# The sensitivities of Felice Romani, the librettist



## BBSVK (10 mo ago)

Felice Romani was a very popular librettist, whom I know mostly because he worked with Bellini.

The way he addapted the original material for Bellini's operas it seems to me that

he didn't like children to be killed. The child in Il Pirata survives (unlike in Maturin) and so do Norma's children (unlike in Soumet).
he didn't like women to commit suicides, at least not physically. Queen Agnes doesn't poison herself in La Straniera (unlike the play) and Giulietta doesn't stab herself in I Capuletti e i Montecchi, just dies of broken heart (although it may be played differently).

But is this a real pattern, or just a coincidence ? I don't know his other libretti. Was there any general avoidance of these situations in the opera at the time ?


----------



## ewilkros (8 mo ago)

BBSVK said:


> Felice Romani was a very popular librettist, whom I know mostly because he worked with Bellini.
> 
> The way he addapted the original material for Bellini's operas it seems to me that
> 
> ...


Secondary question: did the Catholic Church have anything to do with this, as with banning any Sacraments (but especially wedding services, hence all those marriages-by-notary) from stage representation?


----------



## The Conte (May 31, 2015)

I love Romani and he was possibly the greatest librettist of his time.

I read the OP and immediately thought about Medea as she famously kills her children. Romani didn't write the libretto for the famous Cherubini opera, but he did write the one for Mayr's Medea in Corinto (first performed in 1813) and Medea kills her children in that version, so it wasn't a hard and fast rule for him at that point.

When it comes to suicide, I believe that there was a rule by the Catholic church that you couldn't depict suicide on stage and so that may have influenced Romani.

N.


----------



## BBSVK (10 mo ago)

The Conte said:


> I love Romani and he was possibly the greatest librettist of his time.
> 
> I read the OP and immediately thought about Medea as she famously kills her children. Romani didn't write the libretto for the famous Cherubini opera, but he did write the one for Mayr's Medea in Corinto (first performed in 1813) and Medea kills her children in that version, so it wasn't a hard and fast rule for him at that point.
> 
> ...


Medea without killing her kids would not be Medea, so Romani couldn't do that. Or could he ?
There is a version of Dido in operatic history, who doesn't die after Aeneas leaves, and marries somebody else, so sometimes the librettists got creative. Would such creativity be accepted for Medea ? I don't know.
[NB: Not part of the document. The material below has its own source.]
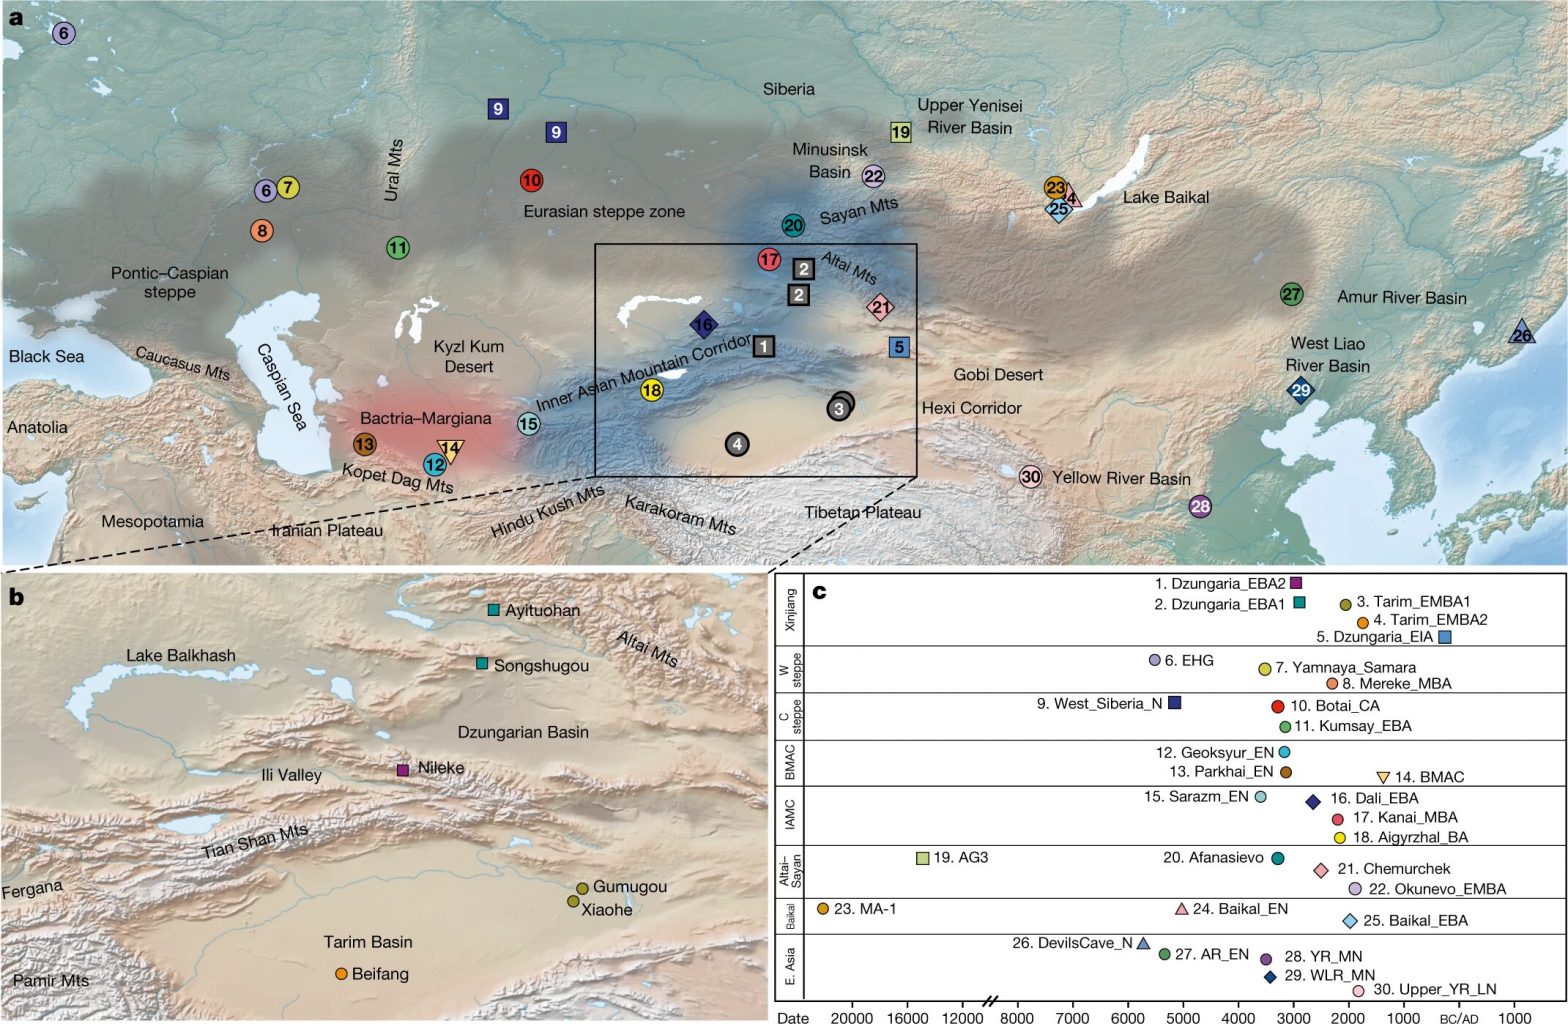 Review of archaeological sites, materials from which were studied by paleogenetics. Credit: Fan Zhang et al. / Nature, 2021

In La Straniera, there is a suicide on stage, but it is the man, Arturo, who stabs himself. In the preceding play, it was the woman, La Straniera/Alaide/Queen Agnes, who poisoned herself.


----------



## hammeredklavier (Feb 18, 2018)

"Romani was considered the finest Italian librettist between Metastasio and Boito."




__





Loading…






en.wikipedia.org




I wish the good old DavidA was here to argue against this.


----------



## BBSVK (10 mo ago)

hammeredklavier said:


> "Romani was considered the finest Italian librettist between Metastasio and Boito."
> 
> 
> 
> ...


I don't know the stance of DavidA, but I like Romani. The characters sometimes resolve their problems idiotically, but I feel their dilemmas and sometimes relate to several characters at once.
I do not argue, that other librettists were probably good as well.


----------



## schigolch (Jun 26, 2011)

Romani was a wonderful librettist, able to write great Italian verses. Bellini used to say "give me good verses, and I will give you good music". 

But apart from Bellini he also wrote libretti for many more composers, like Rossini himself, Donizetti, Mercadante, Coccia, Mayr, Pacini... He was a superstar.


----------